I was referred by my GP after trying unsuccessfully for over a year to neath port talbot. it's taken 2 years to have blood tests, ultrasounds and most recently lap & dye. 

I had my lap & dye 2 weeks ago and found out I have unicornuate uterus which is a birth defect. I'm basically missing the left 1/2 of my uterus and they said I might only have 1 kidney. 

They broke this news when I had just come around from anesthetic so was unable to really process it or ask any questions. obviously this was a big shock to me as I was preparing myself for endo,cysts etc and this is apparently rare.
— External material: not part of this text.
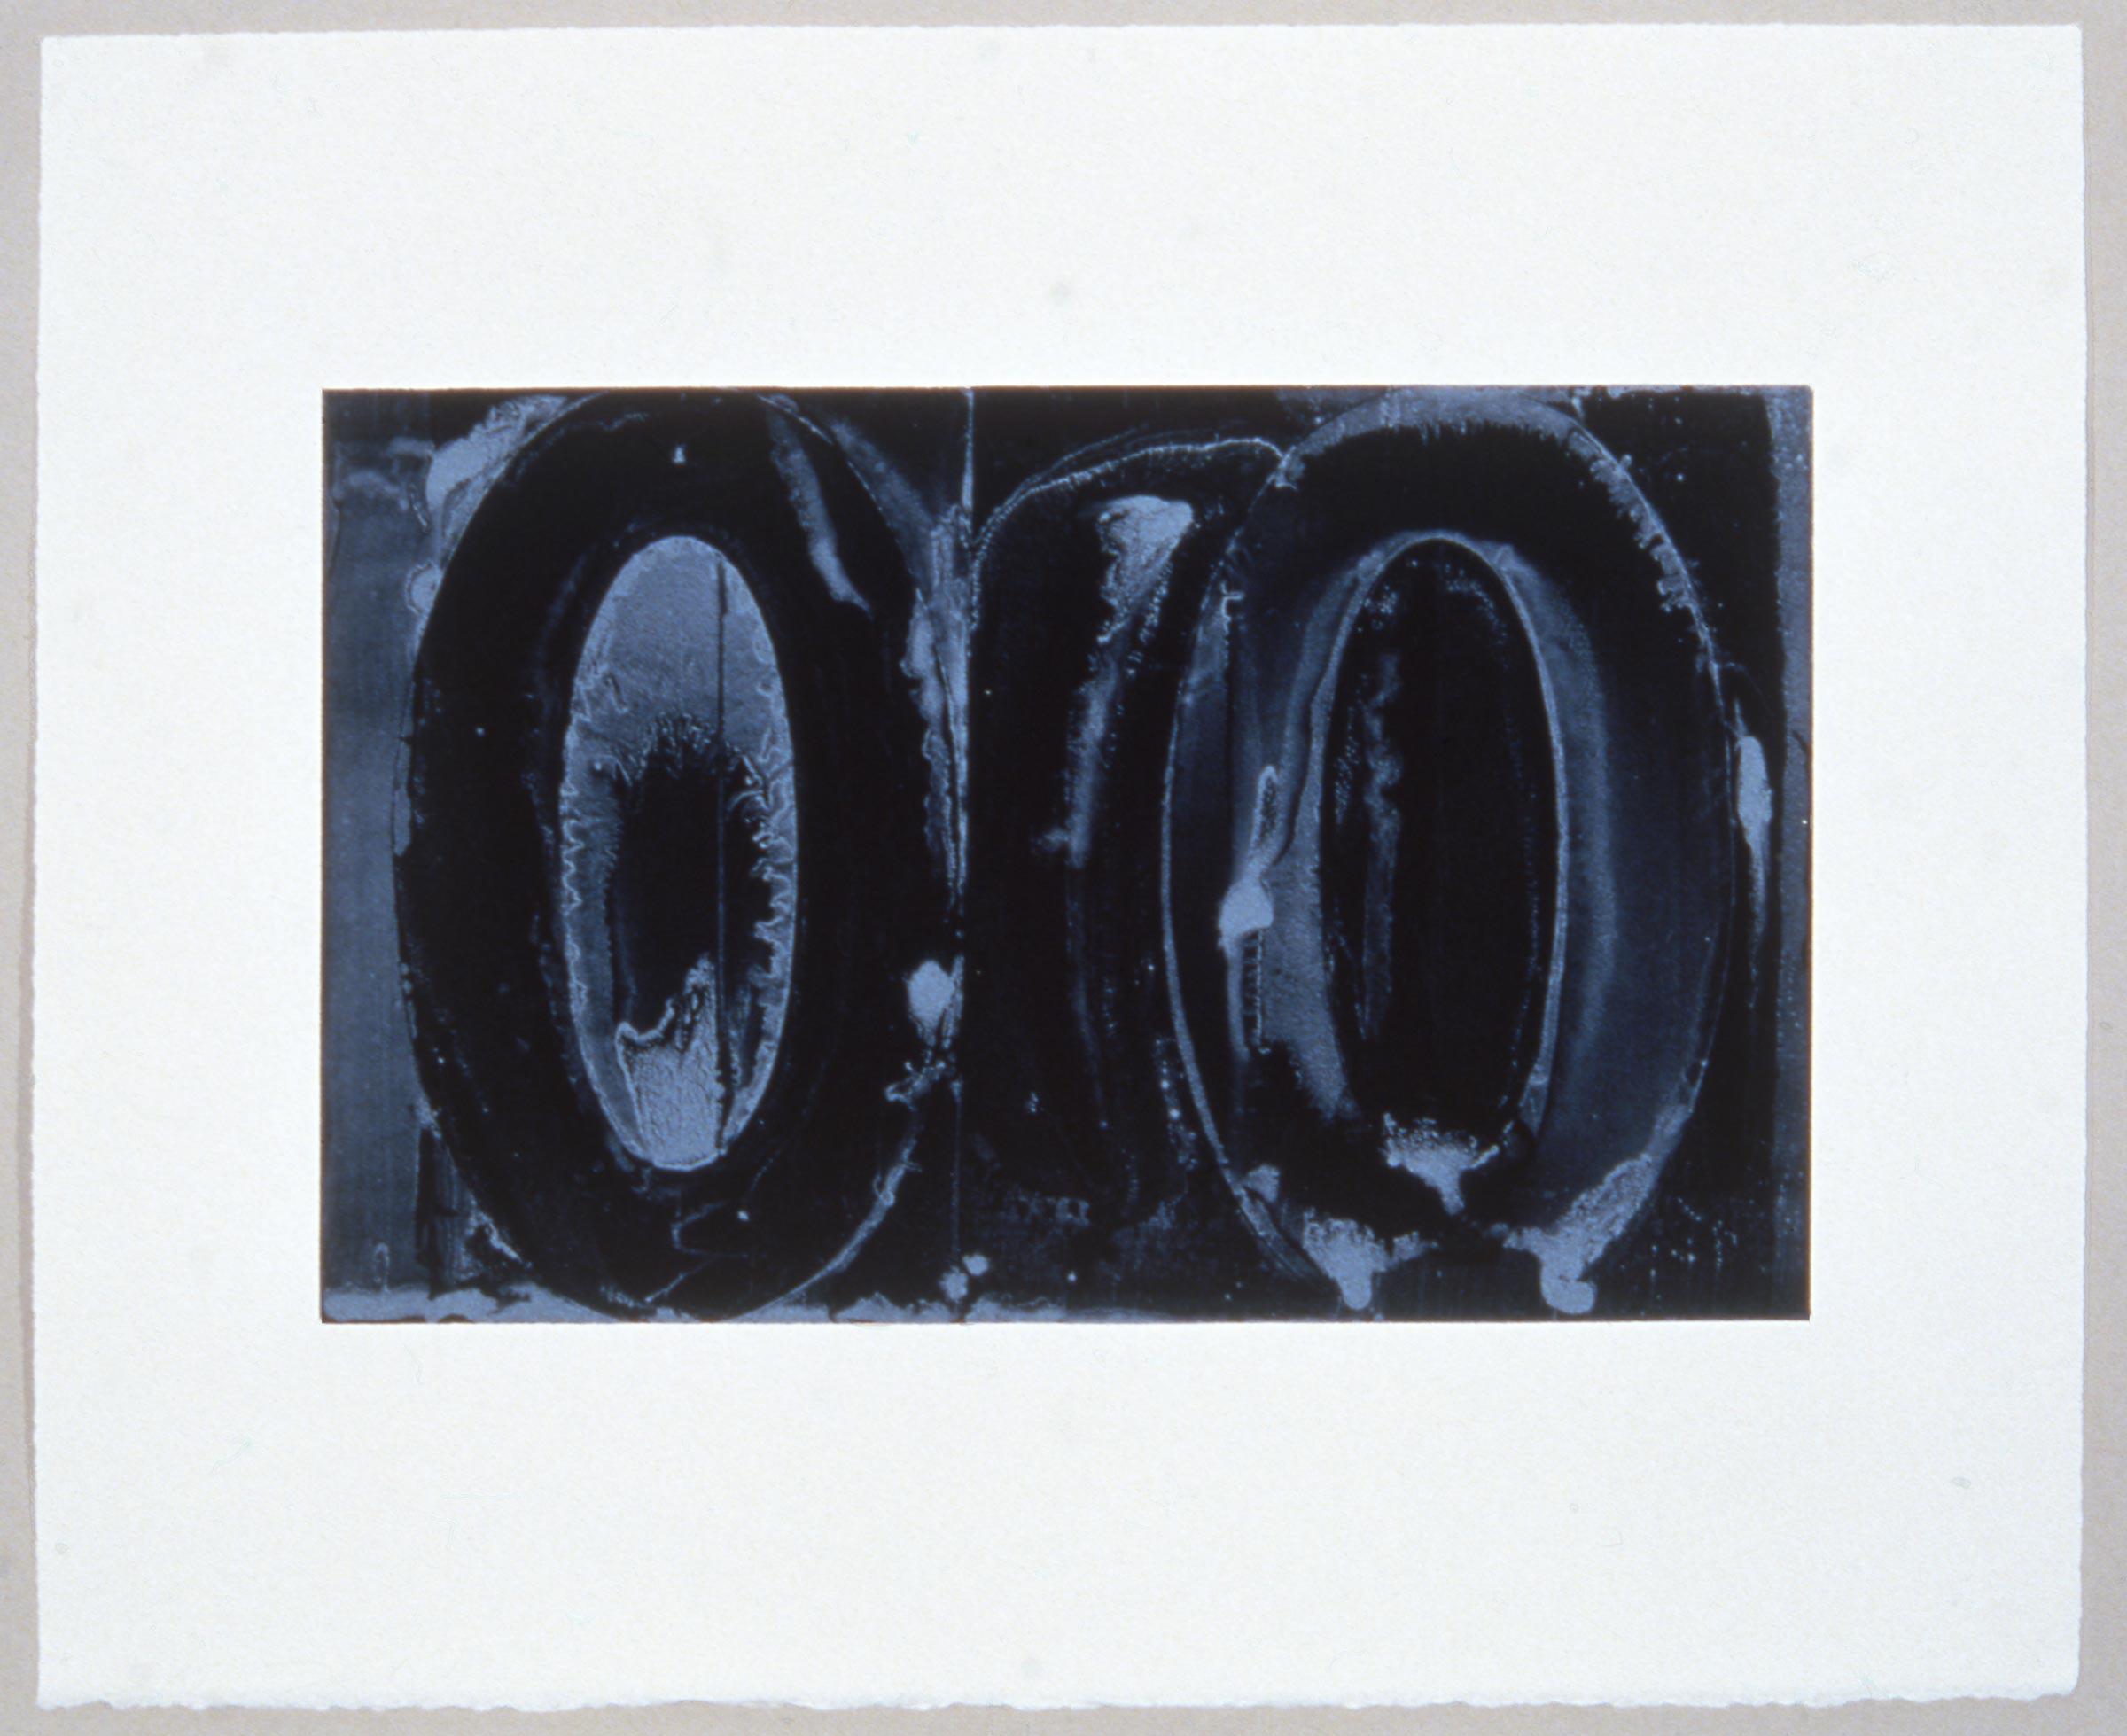 David Row - Ozone Suite I

I was expecting a follow up appointment within few weeks to discuss this with consulrant but the next available appointment they have for me is 10th May. Now I'm really deflated as it's another 6 months before I hear anything.


----------



## Welshsweetie (Nov 14, 2015)

Hi girls 
I'm in Swansea too but am using Crgw . I start this week !!!!!
Feeling nervous but excited fingers crossed for you all. It's my first Ivf cycle so feeling really apprehensive xx


----------



## Welshsweetie (Nov 14, 2015)

pollita said:


> Hi Lyndsey! I'm not at wfi but I'm in Swansea too. I'm currently having IVF at Crgw just outside Cardiff. Welcome, and good luck! If you need any local support just let me know


Hi I'm also at Crgw starting my Ivf cycle end of this week . I'm on short protocol . Good luck to you xxx


----------



## sfj (Jan 10, 2016)

Hi ladies, I'm from Swansea too but I'm with LWC. Just been accepted as an egg donor so waiting to be paired up now. Hope everyone is well. Xx


----------



## pollita (Feb 23, 2011)

Welshsweetie said:


> pollita said:
> 
> 
> > Hi Lyndsey! I'm not at wfi but I'm in Swansea too. I'm currently having IVF at Crgw just outside Cardiff. Welcome, and good luck! If you need any local support just let me know
> ...


Welcome! Don't be nervous or apprehensive, I promise you it's fine and there's nothing to worry about  I was a mess going through my first IVF because I didn't know what to expect or really what was happening but it's fine. The ladies (and men!) at CRGW are fantastic and will answer any questions you may have. If you want a chat at all just send me a message! I'm more than happy to help x

And welcome again SFJ - welcomed you on the other thread too x


----------



## Welshsweetie (Nov 14, 2015)

pollita said:


> Welshsweetie said:
> 
> 
> > pollita said:
> ...


----------



## pollita (Feb 23, 2011)

The waiting can definitely be awful! I'm currently waiting for my treatment planning appointment for cycle 2. My first attempt was successful but unfortunately I had a miscarriage, but still holding onto the hope that it worked otherwise  

Wishing you all the best - I'm sure you'll be great x


----------



## Welshsweetie (Nov 14, 2015)

pollita said:


> The waiting can definitely be awful! I'm currently waiting for my treatment planning appointment for cycle 2. My first attempt was successful but unfortunately I had a miscarriage, but still holding onto the hope that it worked otherwise
> 
> Wishing you all the best - I'm sure you'll be great x


Sorry about your miscarriage fingers crossed for your second cycle! Were you in short or long protocol? How did you find the side effects? Hope you don't mind me asking


----------



## pollita (Feb 23, 2011)

Of course I don't mind! I was on long protocol and to be honest I felt great haha. A lot of people say that they get headaches and night sweats, discomfort etc but I felt so much better than I usually do. Just take it easy, drink lots and lots (and lots!) of water. I also feasted on Atkins bars daily as they are very high in protein and it all helps to fight off OHSS. I also used a hot water on my belly as much as I could during stims. Not for any discomfort but there's a myth/idea that it helps to grow the follicles. Not sure if there's any truth in it but it certainly didn't do any harm (I got 19 eggs in the end!)


----------



## Welshsweetie (Nov 14, 2015)

pollita said:


> Of course I don't mind! I was on long protocol and to be honest I felt great haha. A lot of people say that they get headaches and night sweats, discomfort etc but I felt so much better than I usually do. Just take it easy, drink lots and lots (and lots!) of water. I also feasted on Atkins bars daily as they are very high in protein and it all helps to fight off OHSS. I also used a hot water on my belly as much as I could during stims. Not for any discomfort but there's a myth/idea that it helps to grow the follicles. Not sure if there's any truth in it but it certainly didn't do any harm (I got 19 eggs in the end!)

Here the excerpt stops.